Surgical treatment options for femoral head deficiency in infants secondary to septic arthritis of the hip are varied and associated with uncertain long-term outcomes. The modified Albee arthroplasty has been considered an acceptable procedure; however, the long-term outcomes of this procedure have not been reported, to our knowledge. We evaluated the long-term outcomes of the modified Albee arthroplasty in young patients with severe sequelae of septic arthritis of the hip.

Methods: 

We retrospectively studied twenty-one children (twenty-one hips) in whom Choi type-IVB sequelae of septic arthritis of the hip had been treated with a modified Albee arthroplasty and six patients with the same sequelae who had been managed with simple observation. The Trendelenburg sign, pain, the range of motion, hip function, the Harris hip score, and limb-length discrepancy were assessed clinically. Remodeling of the femoral head, hip stability, and arthritic changes in the hip were evaluated radiographically.

Results: 

The twenty-one patients with the modified Albee arthroplasty were followed for an average of 121.2 ± 38.6 months and had better outcomes, in terms of the Trendelenburg sign, the Harris hip score, pain, the hip range of motion, and limb-length discrepancy, than the six patients who underwent simple observation.
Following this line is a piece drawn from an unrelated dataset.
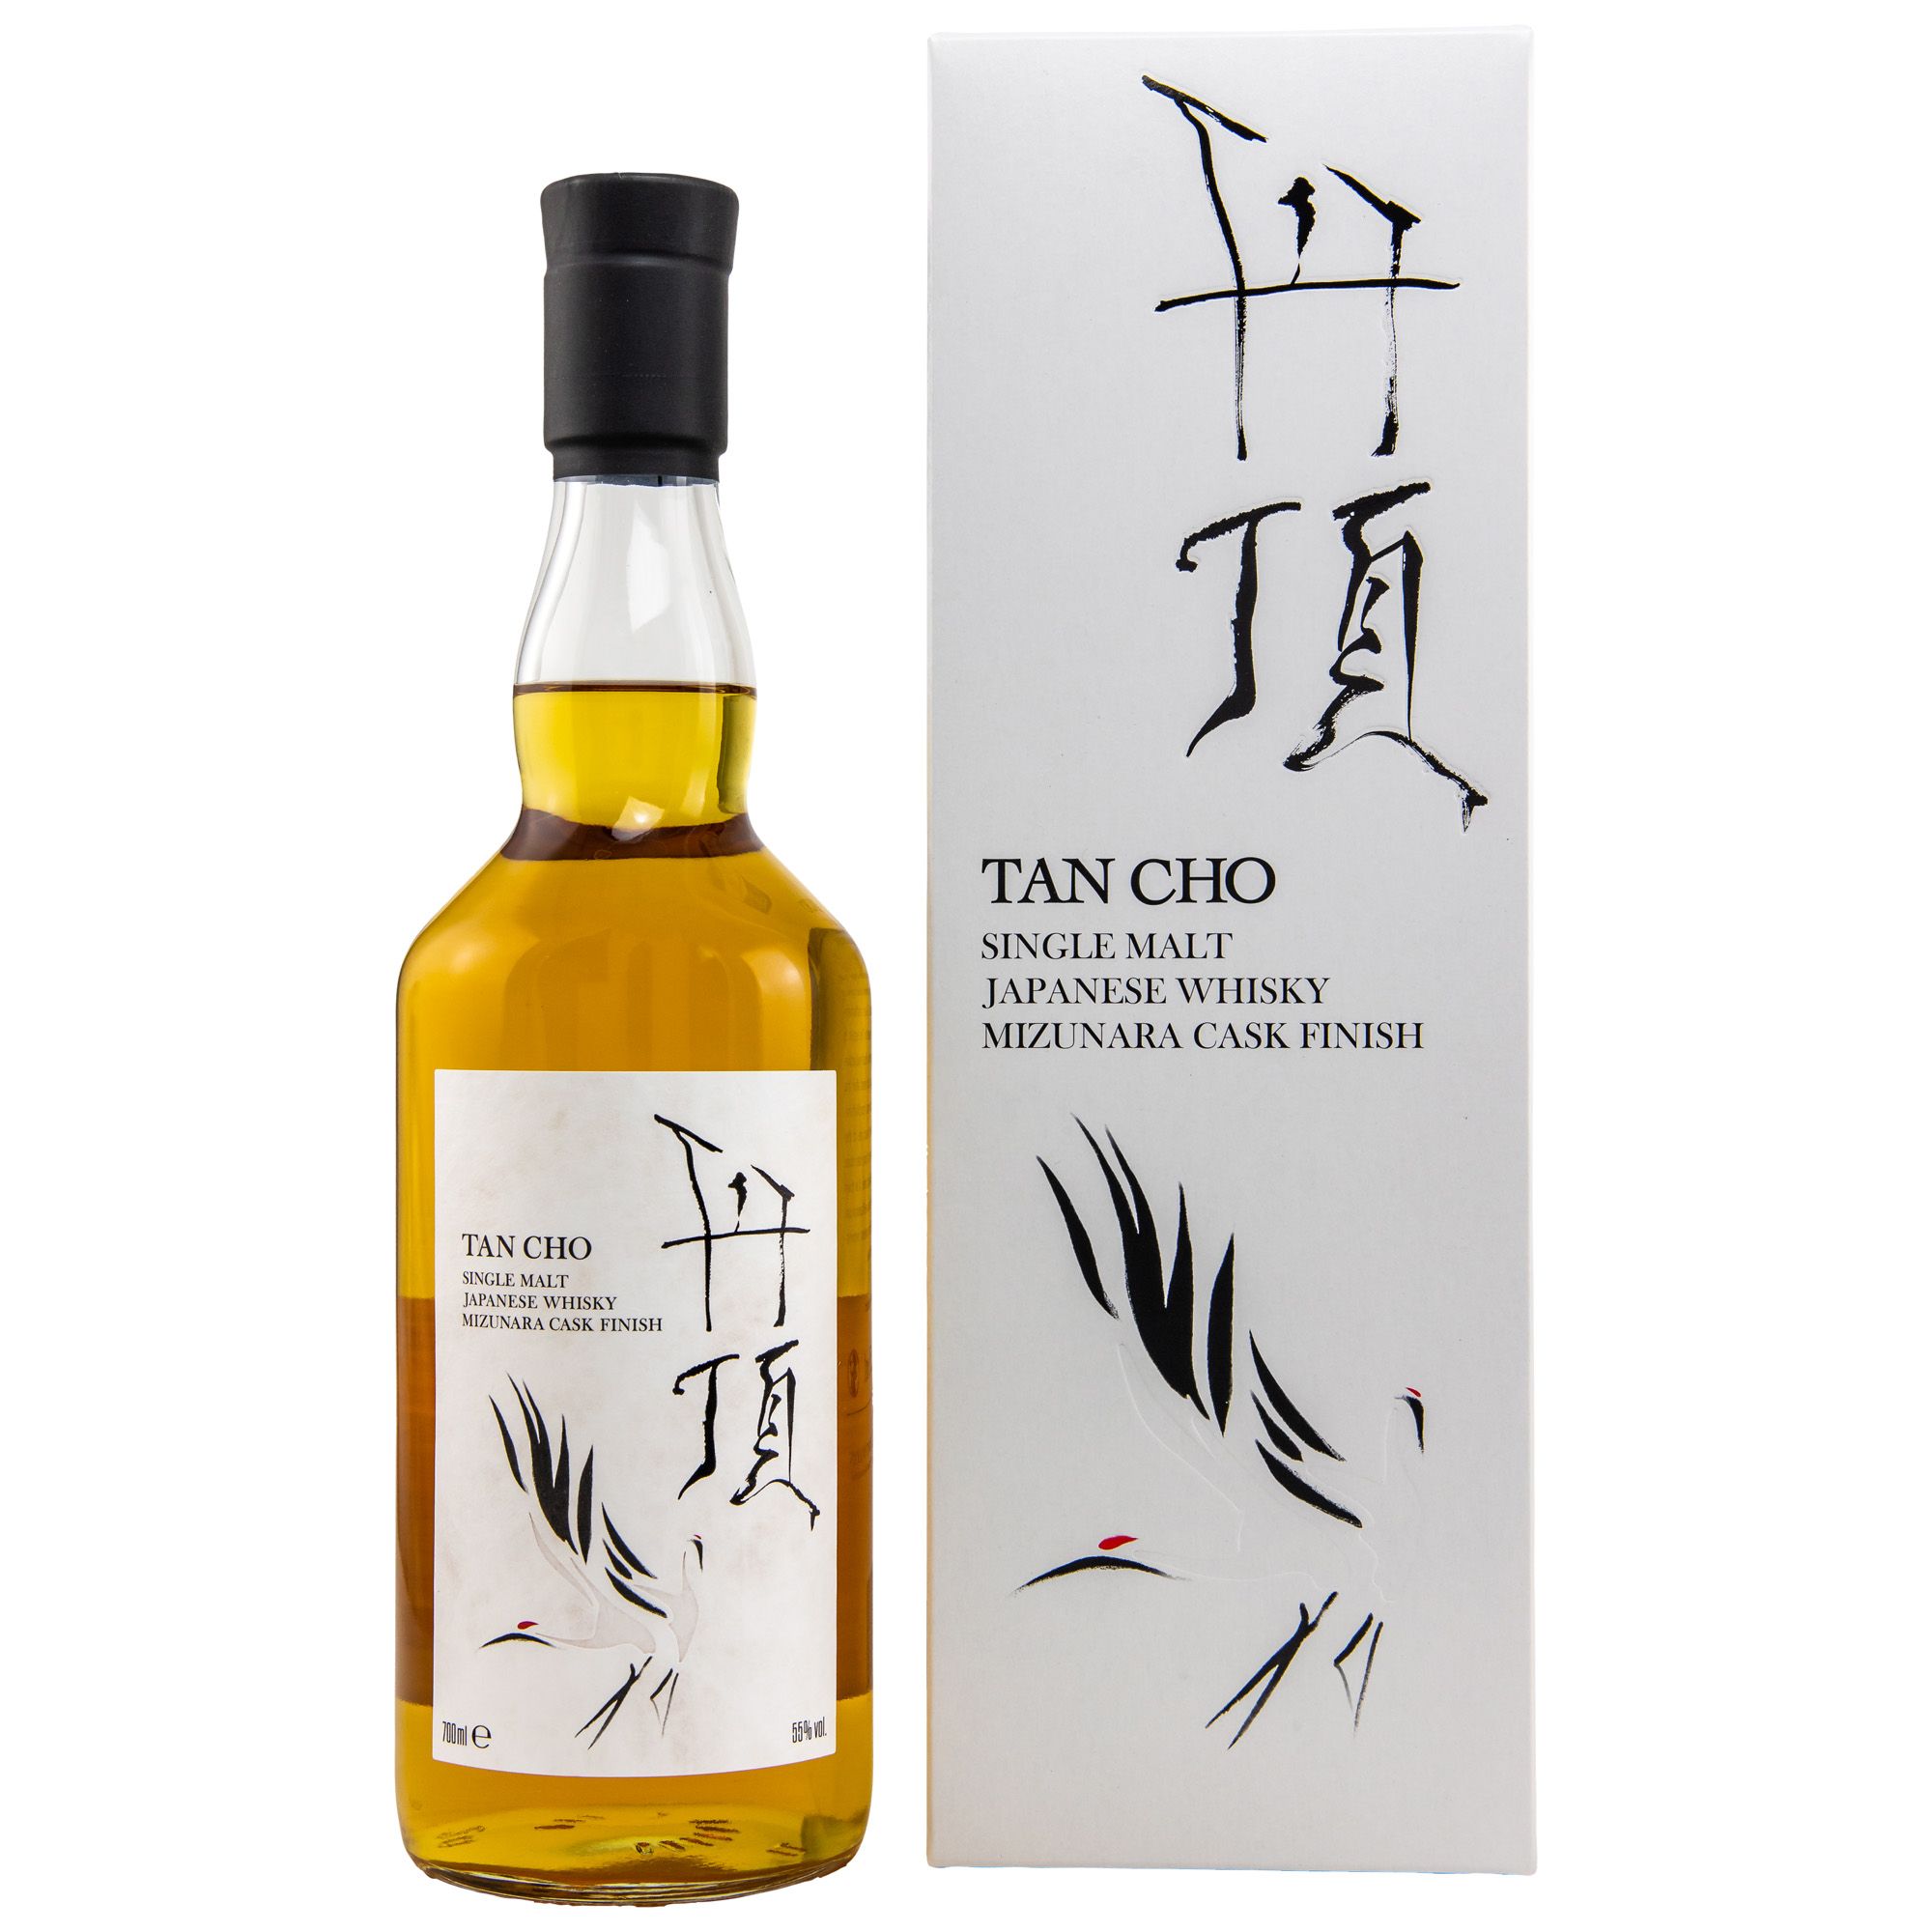 Tan Cho Japanese Single Malt Whisky - Mizunara Cask Finish 55% 0,7l

Patients who were two years of age or younger at the time of the arthroplasty exhibited a significantly less severe limb-length discrepancy and less loss of motion than those who were older than two at the time of the surgery. Furthermore, limb-length discrepancy was positively correlated and the range of motion of the hip and the Harris hip scores were negatively correlated with the patient's age at the time of the surgery, suggesting that early surgery in patients with severe sequelae of septic arthritis of the hip is associated with a better clinical outcome.

Conclusions: 

The modified Albee arthroplasty is a feasible and clinically useful procedure for the treatment of severe sequelae of septic arthritis of the hip, particularly in children who are two years of age or younger.

Level of Evidence: 

Therapeutic Level III. See Instructions to Authors for a complete description of levels of evidence.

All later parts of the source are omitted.